A next generation scalar intensity measure for analytical vulnerability studies

Abstract

To assess the seismic performance of a structural system within an analytical context, we need, among others, to specify a ground motion Intensity Measure (IM). The wary IM selection is undoubtedly an important step towards the successful implementation of a risk assessment, since insufficient and/or inefficient IMs can induce unwanted bias and variance in the vulnerability estimates. Supplementary issues related to practicality, necessitate the use of IMs for which ground motion prediction relationships exist, such as the elastic response spectral values (i.e. acceleration, velocity and displacement). Several past studies suggested as an improvement the use of IMs defined as the geometric mean of spectral acceleration values computed over a period range. The latter range may span between periods that are below, at or above the fundamental one. Some of these choices were proven to significantly improve both efficiency and sufficiency of the IM compared to more commonly used counterparts. This study investigates the efficiency and sufficiency of a newly developed scalar IM that combines the geometric mean IM concept with the significant duration of the ground motions. Improving the geometric mean IMs via including the significant duration of the ground motions, was driven by recent findings suggesting there is a strong tie between the collapse capacity of a structure and the ground motion duration.

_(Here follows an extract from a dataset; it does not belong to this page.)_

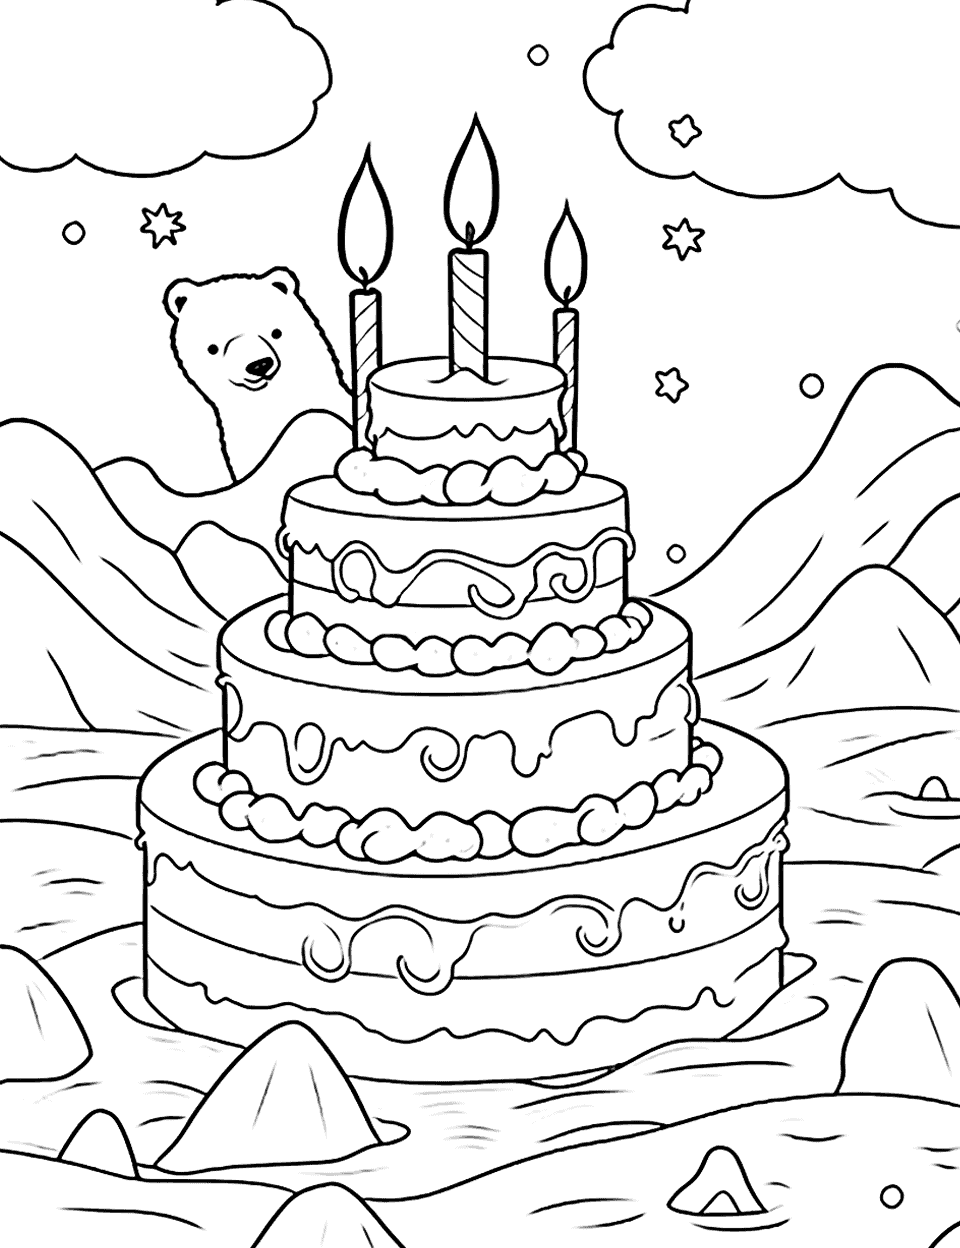 Polar Bear's Iceberg Birthday Happy Coloring Page - A polar bear celebrating its birthday on an iceberg with a giant cake.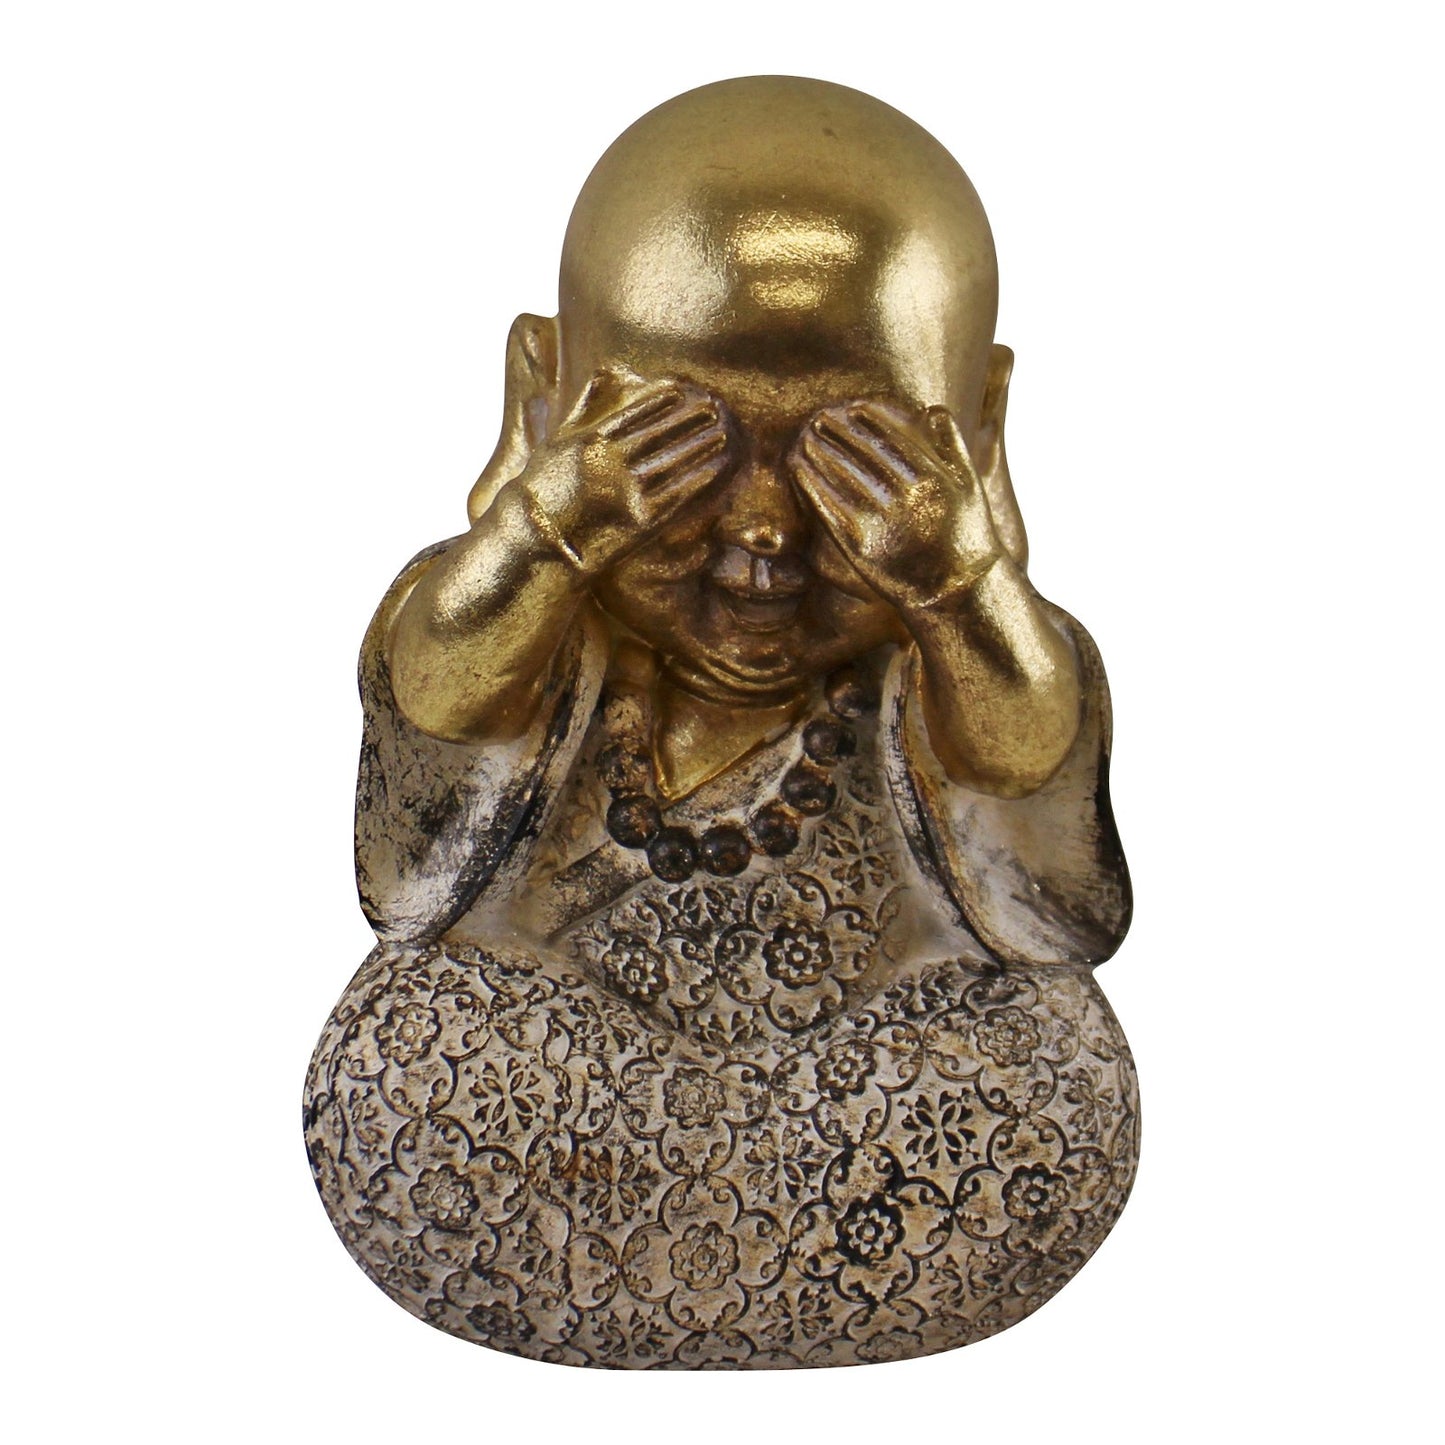 Set of 3 Gold Buddha Ornaments, See No Evil, Hear No Evil, Speak No Evil

Hence, the performance of the proposed next generation IM is addressed in detail by means of comparisons and statistical significance tests. The testing is performed at specific levels of local engineering demand parameters that are closely related to losses, using a testbed capacity-designed steel moment-resisting frame. It was demonstrated that ground motion duration is closely related to the collapse capacity whereas its effect at lower demand levels is insignificant. Hence, the proposed IM may be employed to improve the estimates in collapse assessment studies. Nevertheless, at least for steel moment-resisting frame buildings that exhibit moderate cyclic degradation rates and sustain most losses prior to the global collapse state, the significant duration is anticipated to only minimally affect the evaluated vulnerability and consequently may be disregarded.